Amendment (bb) would insert a new sub-paragraph. The proposed new section is explicit, and the right to ask for flexible working is available only for a specific purpose. The employer, in refusing such an application, is required to state his specific reasoning. In the interests of balance and focusing employees' minds on the specific nature of the right, we propose that the employee making his application in writing should clarify the reason for needing the change in contract.

For example, the letter may say, ''I wish to request a change in my working hours so that I can start at 9.30 each morning so that I can drop my child at school before coming to work.'' That is simple and straightforward—there is no debate about it. Once put in writing, the facts would be on the record. If it subsequently turned out that the child started school at 8.30, or that the child was 36 years old, there would be some basis for analysing the application and referring to the facts. That is a reasonable proposal, which puts some symmetry into the arrangements.

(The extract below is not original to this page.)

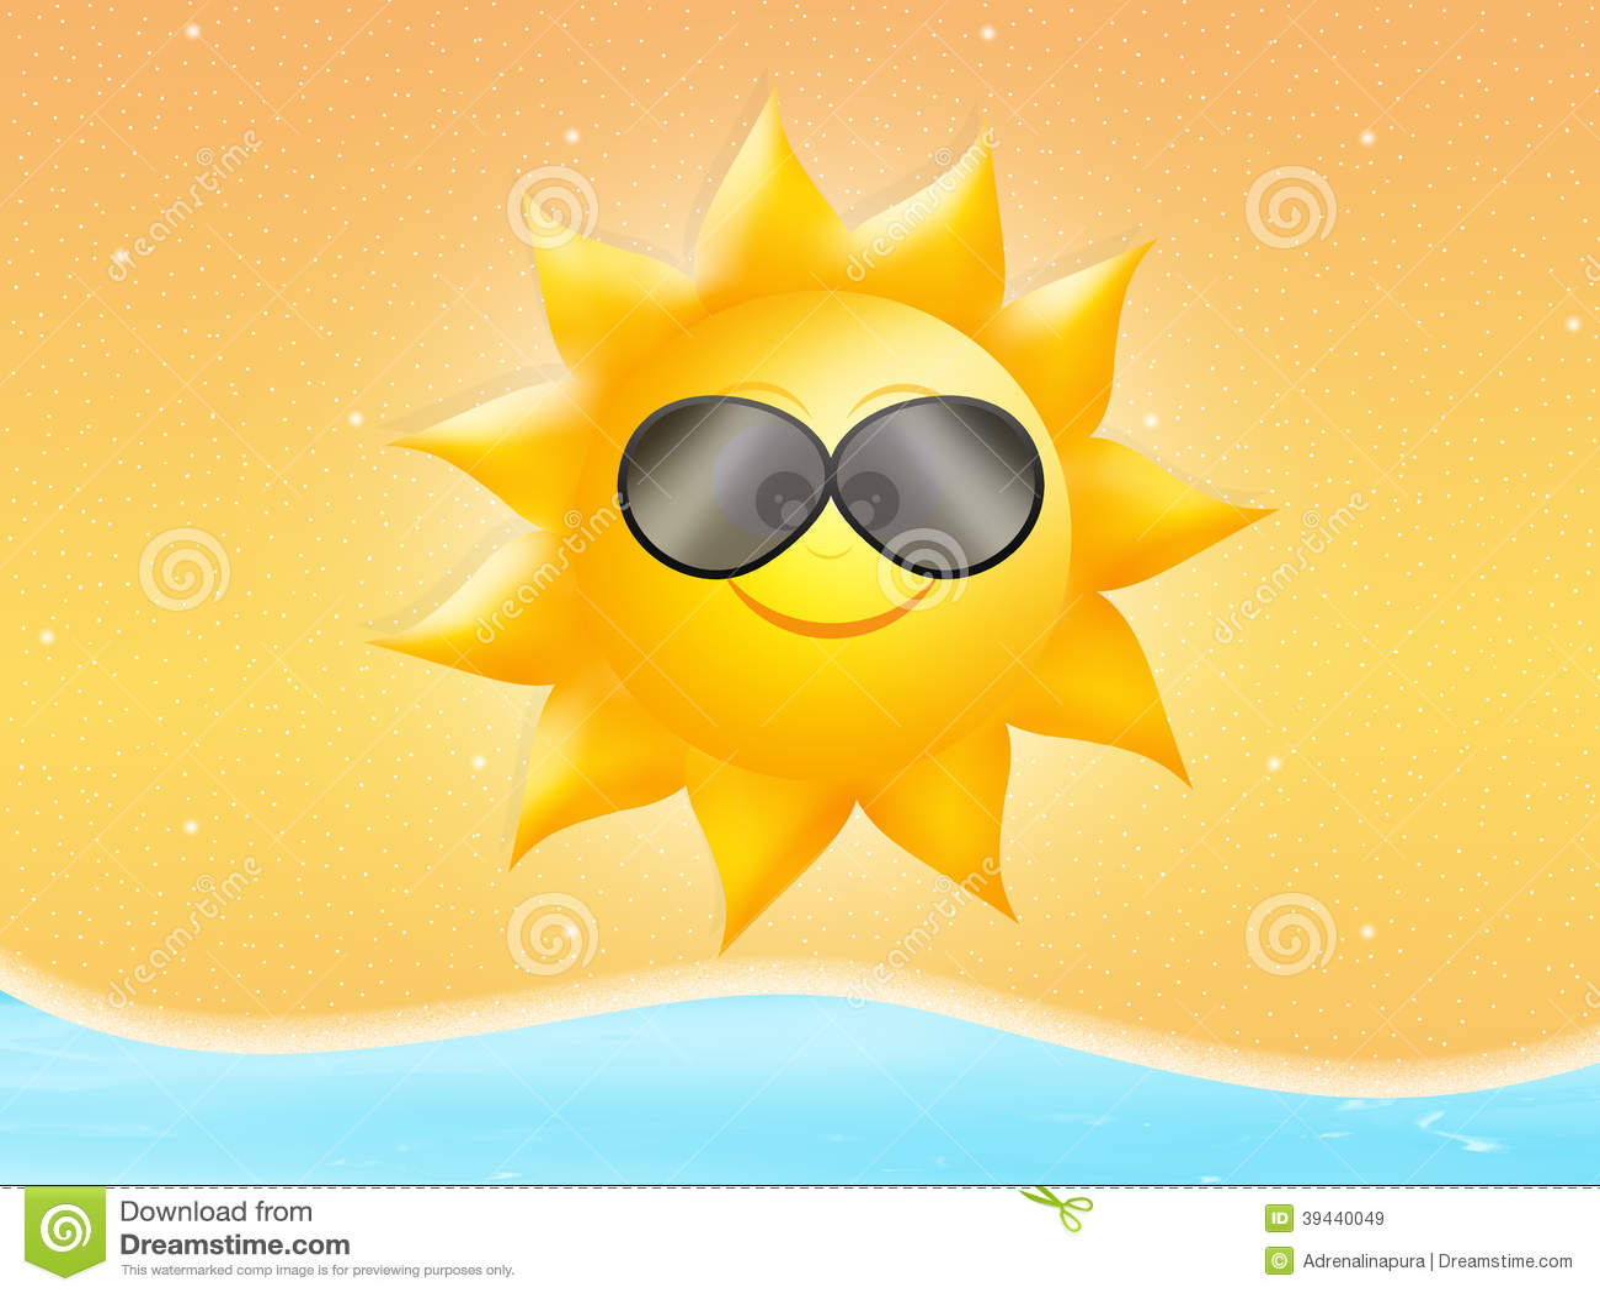 Sun With Sunglasses Stock Illustration - Image: 39440049

The purpose of amendment (z) is to specify that once an employer has acceded to an application, the change will be regarded as permanent. The employee will have the right to apply, after a year has elapsed, for a change back or a change to a different set of terms and conditions. The employer would have certain rights under existing legislation to seek to change the situation back in due course. The Liberal Democrat amendment—(d)—to which the hon. Member for North Norfolk will no doubt speak in due course, takes a diametrically opposite approach, seeking to make any such change temporary at the employer's option.

I can understand why the Liberal Democrats attempted to go down that route, but we believe that it would be more straightforward to make it clear that any change to terms and conditions of employment is permanent and that a change back would require the employee to go through the same procedure again after a year had elapsed. That is probably what the Government intend, but we seek to make it explicit in the Bill.